Are there Ghosts at Woodlawn Cemetery?
Join Ghosthunting New York City author L’Aura Hladik on a tour
Woodlawn Cemetery in the Bronx was founded in 1863. Its 400 acres are easily accessible from Manhattan via trains from Grand Central Station, as well as by car using the Major Deegan (I-87) or I-95. The intention behind the location was to have a peaceful place away from the downtown noise, but not too far away. The original design of the cemetery was based on the “rural cemetery movement” that originated in 1831 with Mount Auburn Cemetery in Boston. However, five years after the cemetery opened, its design was changed to a “landscape lawn plan,” which prohibited fences and encouraged central monuments with footstones. The cleaner, more spacious grounds made cemetery maintenance much easier. A few of the 300,000 people interred at Woodlawn are mentioned in this book—people such as the Van Cortlandts, Herman Melville, and Olive Thomas Pickford. Other famous people buried there include George M. Cohan, Fiorello Henry LaGuardia, Nellie Bly, Joseph Pulitzer, and Thomas Nast. For those of you who appreciate retail shopping, F.W. Woolworth, Roland H. Macy, and James Cash Penney are buried there, too.
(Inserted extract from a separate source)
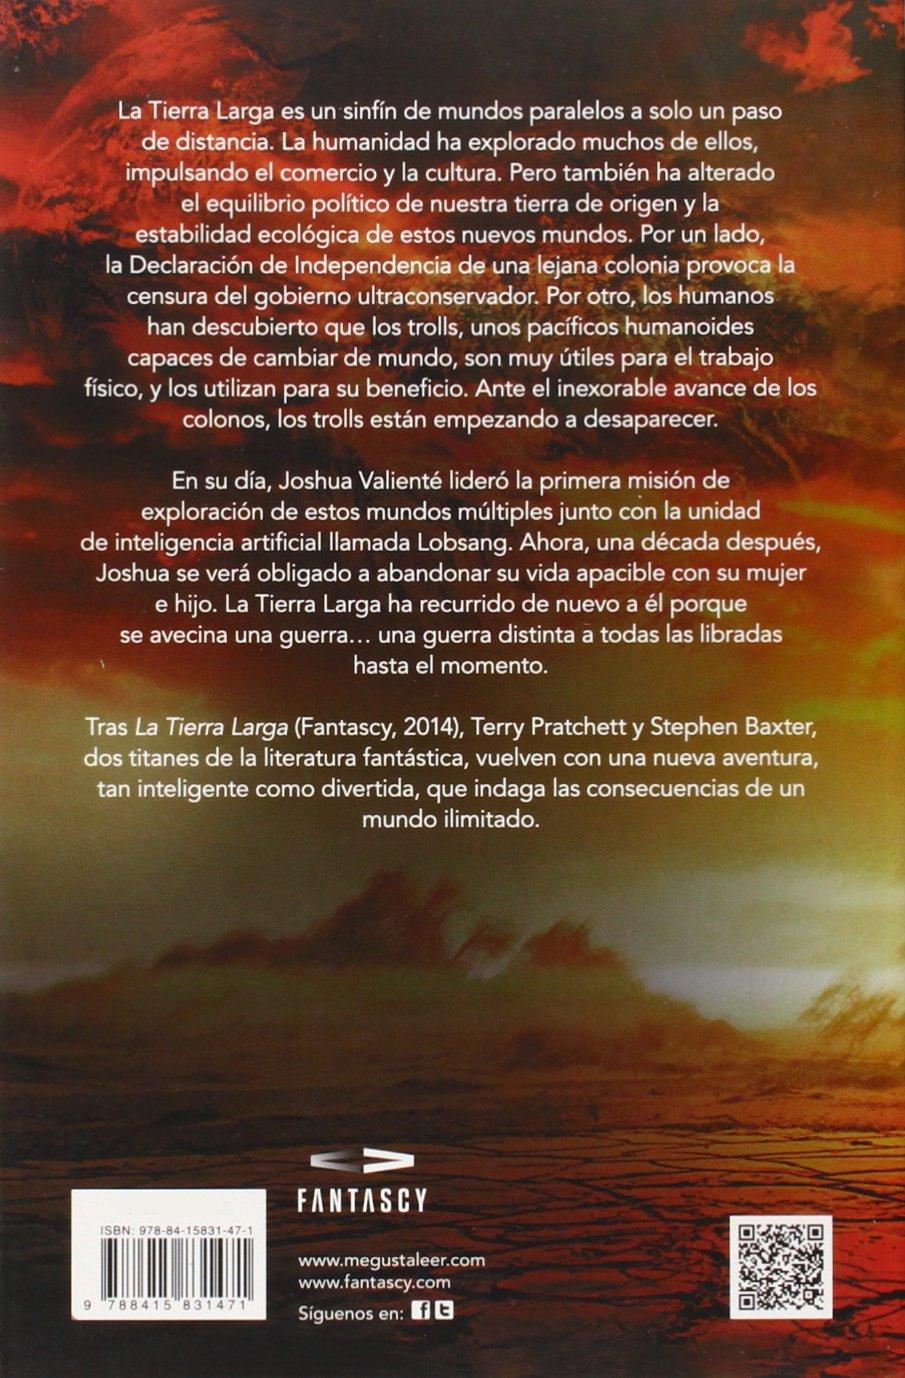 La Guerra Larga (La Tierra Larga 2) (FANTASCY): Amazon.es: Terry Pratchett, Stephen Baxter, Gabriel Dols Gallardo;: Libros

Woodlawn offers many free events, such as concerts, walking and bus tours, theater performances, and a tree lighting during the holidays. It’s more than a cemetery; it’s a cultural resource for the Bronx. Photography is allowed in the cemetery as long as you stop by the office upon arrival, present a photo ID, and complete a simple form. I recommend you follow the formal steps in case you capture some amazing paranormal evidence and want to share it on your Web site or in a newspaper article. The cemetery grounds are open every day from 8:30 a.m. to 5 p.m., but the office, where photography permission is secured, is closed on Sundays.
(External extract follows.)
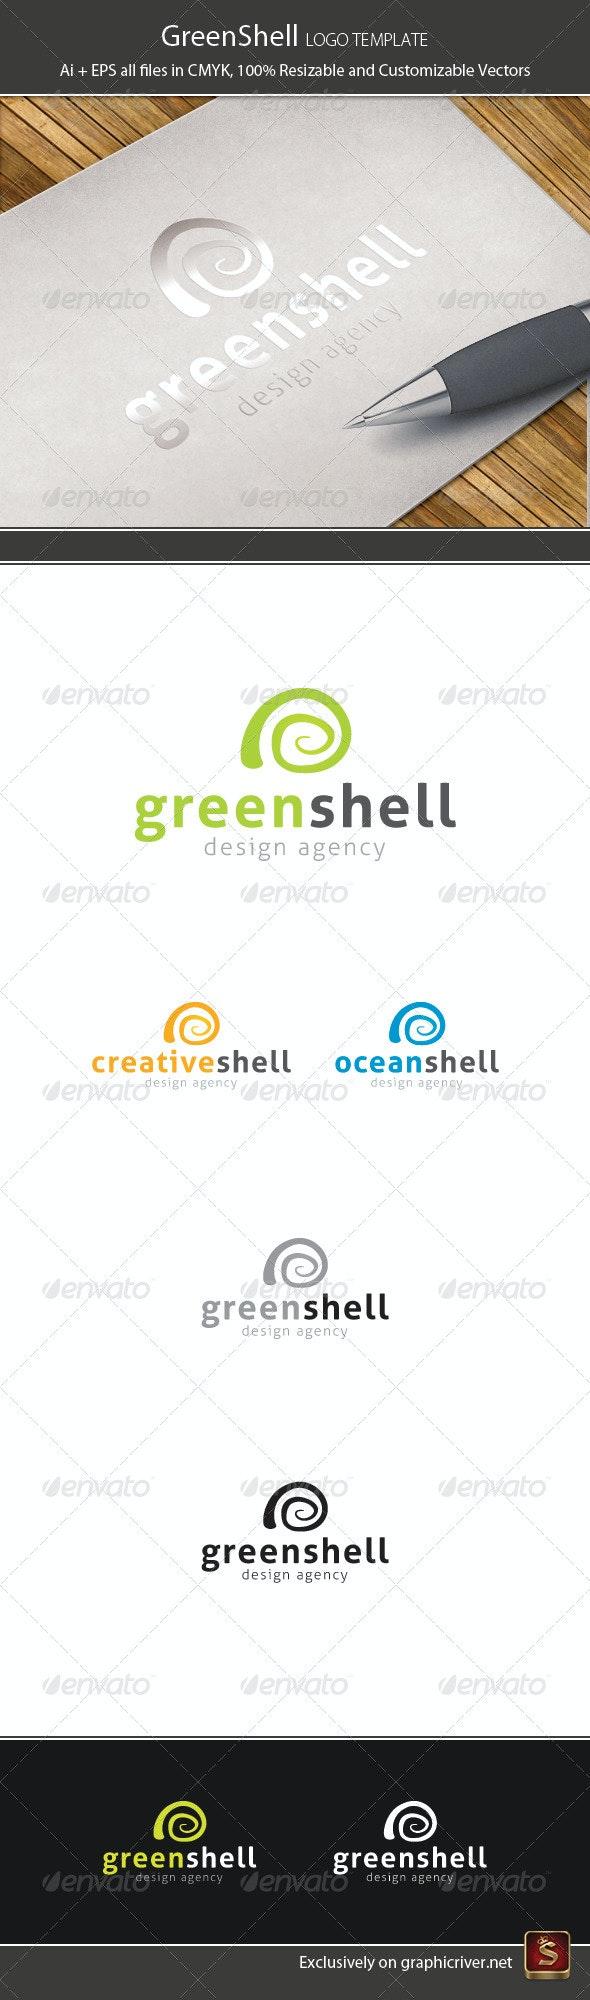 Green Shell Logo Template - Vector Abstract

When I first visited Woodlawn, the ground was snow-covered and it was difficult to walk around; some of the drifts were more than three feet high. So I went back in early March of 2010 with Dina Chirico, my team leader at the New Jersey Ghost Hunters Society. Dina is a great navigator, which helped tremendously; she read the map and directed me while I drove. The first grave I was determined to find was that of Herman Melville. What writer could refuse the chance to pay respects to one of the greats? I certainly couldn’t. According to the map, Melville’s grave was located in the Catalpa section of the cemetery. We drove over to it and parked.
Dina and I employed a “divide and conquer” strategy to find the grave: she started at one end of the section, and I went to the other. I had my digital audio recorder running the whole time I was searching. I noted on the recording the date, time, and weather; I also took some photos while searching. As I started up a small incline, I saw what appeared to be a baby’s grave. I said into my recorder, “a little . . . it looks like a little baby grave. Born January 2, 1871, died . . . I can’t make out the month . . . seventeenth of 1872.” When I reviewed the recording, right after I said, “looks like a little baby grave,” I heard the voice of a woman whisper, “Yeah.” I know it’s not my voice because I was speaking at a normal conversational volume, and the EVP interjects so closely after my previous word, it’s impossible that I could have said it. I know it’s not Dina’s voice, either; she was so far away from me at the time that she had to yell to ask if I had found Melville’s grave yet. I shut the recorder off so I could yell back to her that I hadn’t. I didn’t know I had captured an EVP until I got home and reviewed the recording.
Dina and I reconvened at my car and reviewed the map once more. She knew we were close to Melville’s grave, and she became even more determined to find it. We started out again, and Dina found it. Honestly, I was expecting a huge monument for someone like him, but it was a simple, modest headstone. Little rocks and trinkets left by previous visitors sat atop the headstone. There was also a handwritten note that said, “Thanks. You changed my life.” Dina and I waited quietly around Melville’s grave for a bit, recording for EVPs. Then we left to find LaGuardia’s grave.
Fiorello LaGuardia was mayor of New York City from 1934 to 1945. He was a short, rotund man with a high-pitched voice, but full of fire and conviction. He did not like the shame and negative stereotypes the mob had brought to Italian culture. LaGuardia put it best when he said, “Let’s drive the bums out of town.” He had Lucky Luciano arrested, and he went after Frank Costello’s slot machines with a sledgehammer. It was a media event when the slot machines were dumped onto a barge to be taken away from New York City. Dina and I found LaGuardia’s grave much more easily than Melville’s. By then it was getting late, and we couldn’t hang around to conduct an EVP session. Dina took some pictures of the grave before we left the cemetery. Judging by how effortlessly I captured an EVP while walking around Woodlawn Cemetery, I am sure there are more to be found on a return trip. I wonder what Joseph Pulitzer, “father of journalism,” has to say these days.